GD The aim is to extract a time reference from a long period of
GD integration on the order of days to weeks given continuous
GD visibility but very limited antenna size (...).

So you need to know the pulsar's period, DM, and maybe its period
derivative, though for millisecond pulsars, period derivatives are
usually fairly small.

Yes but I assume these are fairly well known for the
most easily received pulsars as I believe pulsars are
being considered as timing standards.

...
GD There seems to be a break around 10ms with quite a few in the
GD 4-8ms range. Of those only 3 are above 45mJy and the majority are
GD around 15mJy to 30mJy so I guess that would be the target
GD threshold.

GD Do you have a rough comparable figure for the background noise in
GD that band?

Take a look at URL:http://adil.ncsa.uiuc.edu/document/95.CH.01.01.
This is an all-sky map by Haslam et al. at 408 MHz. Pick your
favorite line of sight. You can scale to any other frequency by
scaling by (frequency)^{-2.55}.

Note that this map gives the sky brightness in units of "brightness
temperature."

Excellent, thanks. I've downloaded the FITS file so now
just need to figure out how to do the unit conversion.

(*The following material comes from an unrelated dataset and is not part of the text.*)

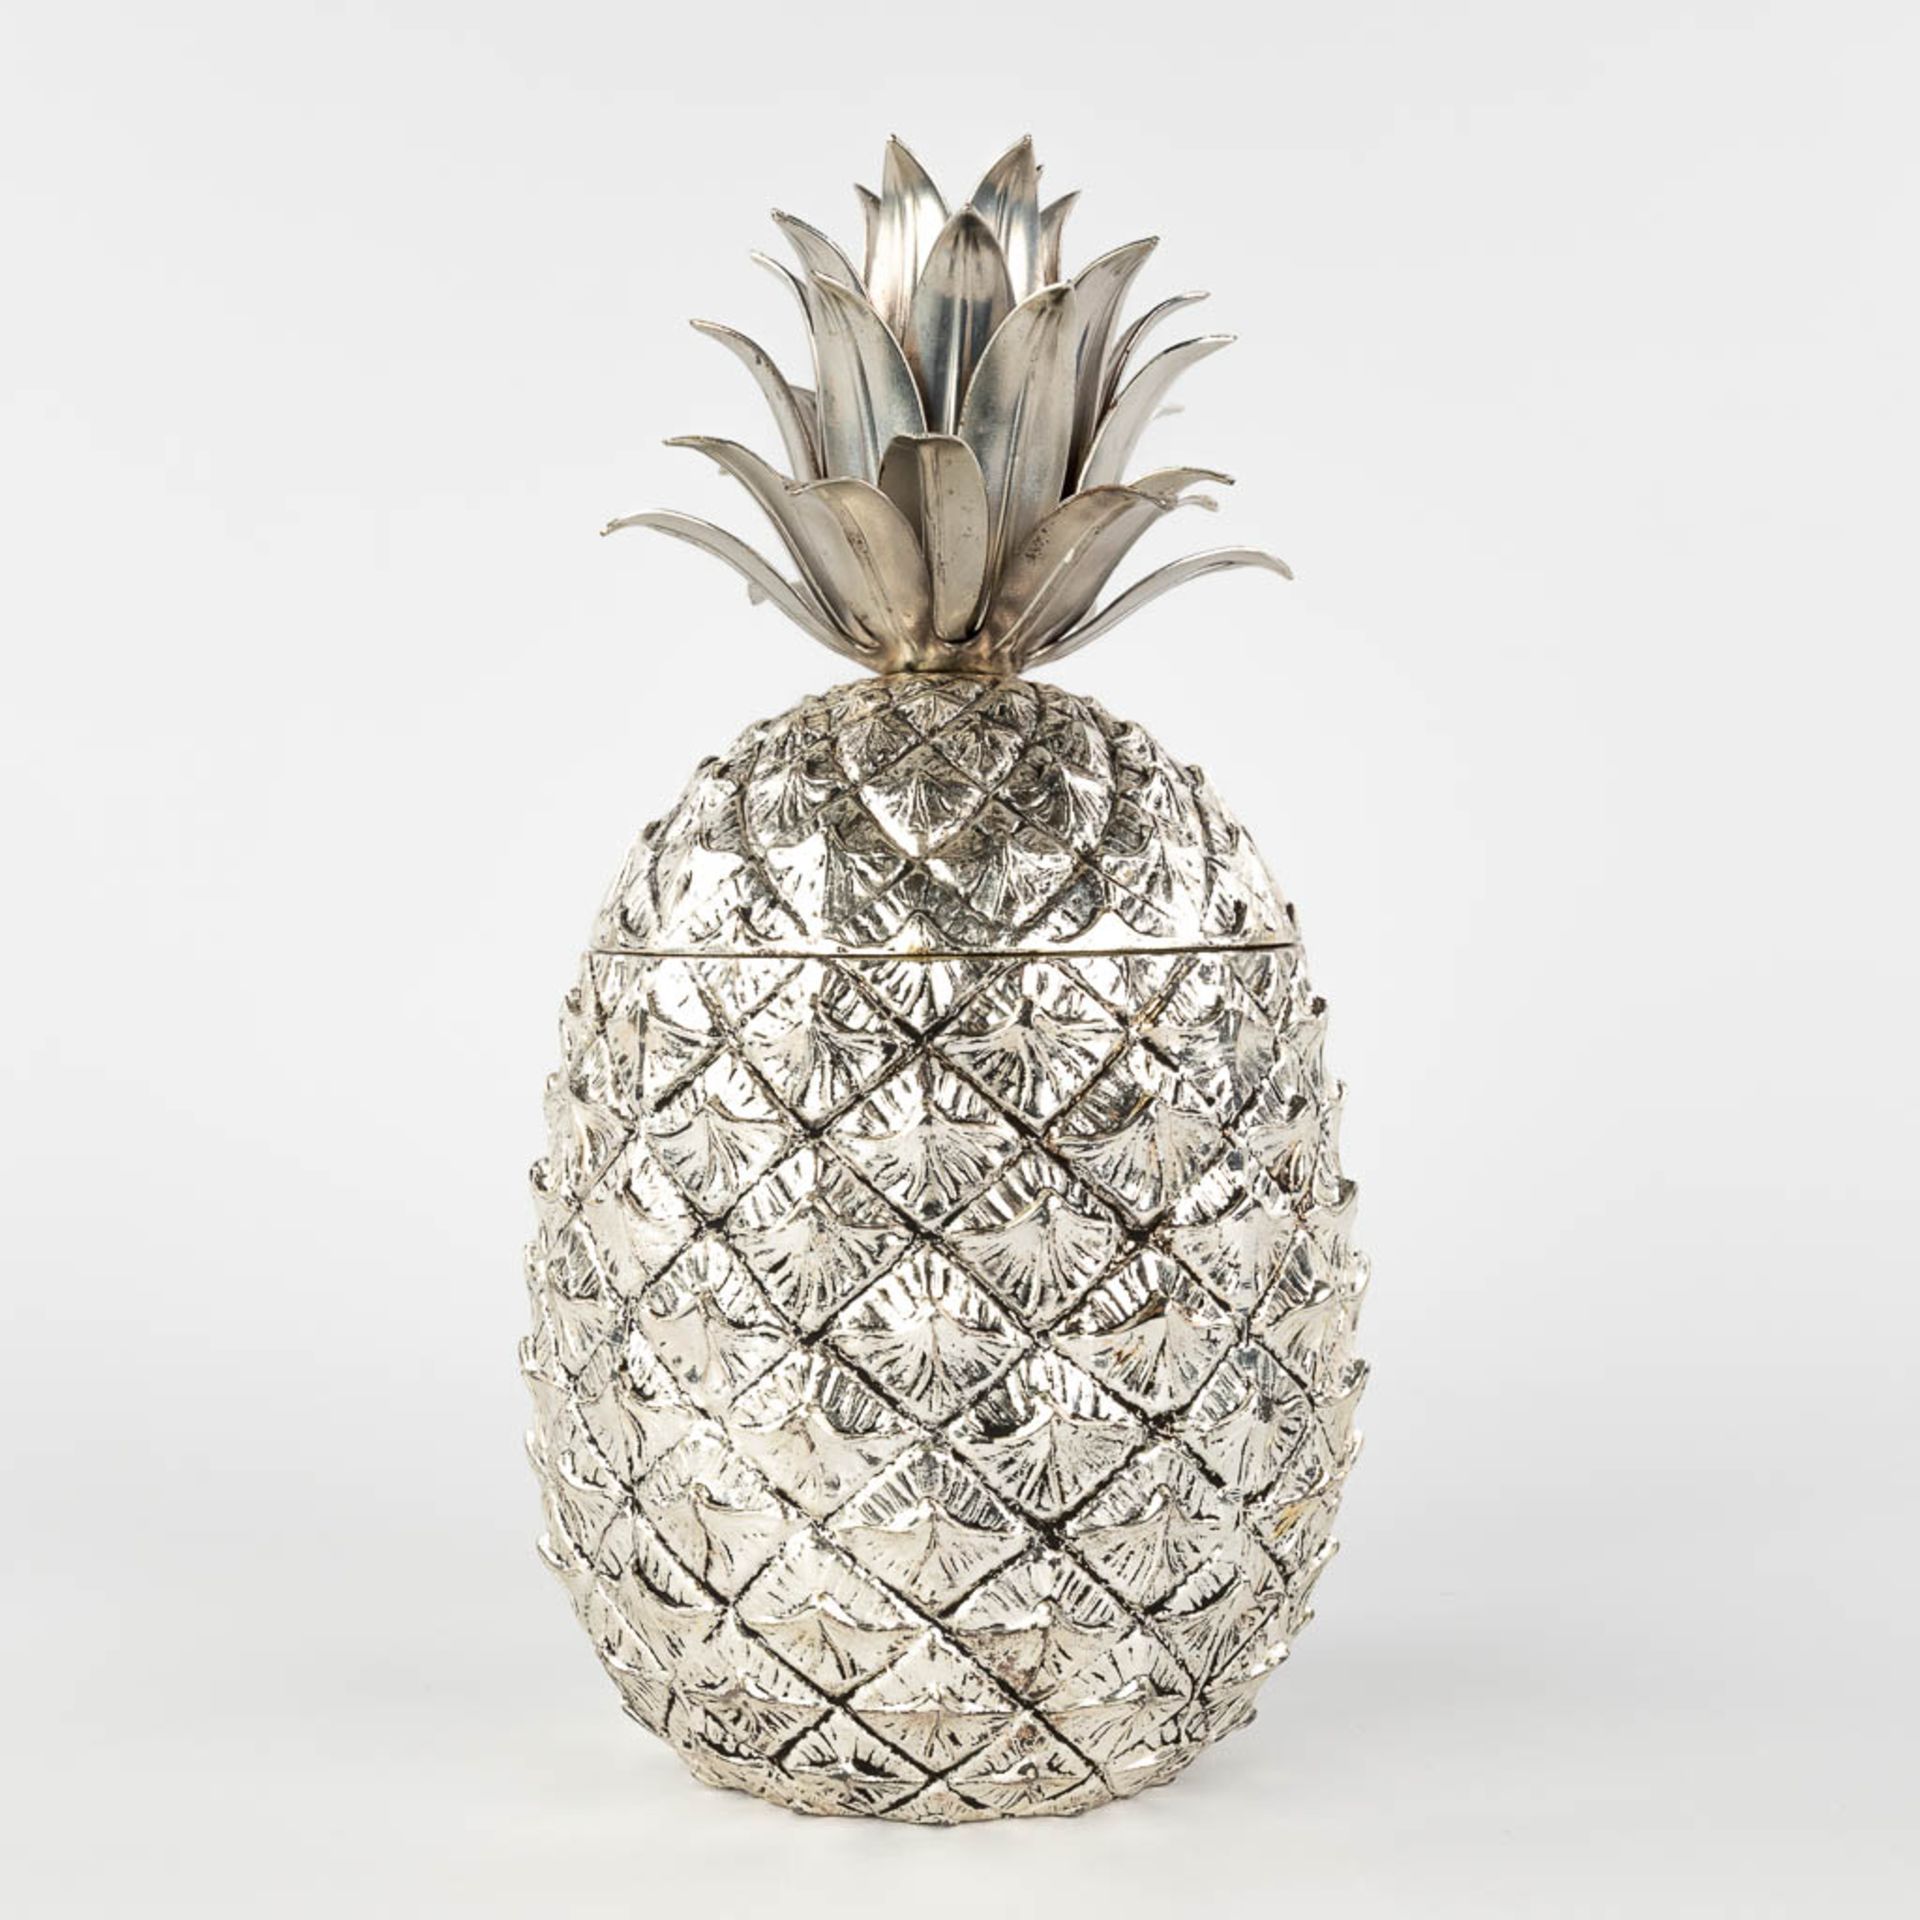 Mauro MANETTI (1946) 'Pineapple' an ice pail. (H:27 x D:13 cm) - Image 4 of 10

If this is effectively a sky temperature, presumably
the received power in mJy would also depend on the
antenna beam width.

best regards
George

"Joseph Lazio" wrote in message
...
Take a look at URL:http://adil.ncsa.uiuc.edu/document/95.CH.01.01.
This is an all-sky map by Haslam et al. at 408 MHz. Pick your
favorite line of sight. You can scale to any other frequency by
scaling by (frequency)^{-2.55}.

Note that this map gives the sky brightness in units of "brightness
temperature."

In article ,
"George Dishman" writes:
If this is effectively a sky temperature, presumably
the received power in mJy would also depend on the
antenna beam width.

Yes, the surface brightness B = 2 k Tb / w^2, where k is Boltzmann's
constant, Tb is the brightness temperature, and w is the wavelength.
Use k in Joule/K and w in meters, and the result is in W m^-2 Hz^-1
sterad^-1 = 10^26 Jy/sterad. (I haven't dropped a factor of pi, have
I, Joe?) Multiply by steradians in the beam to get flux density.

The formula for B is just the Planck formula in the limit of long
wavelength (the "Rayleigh-Jeans limit").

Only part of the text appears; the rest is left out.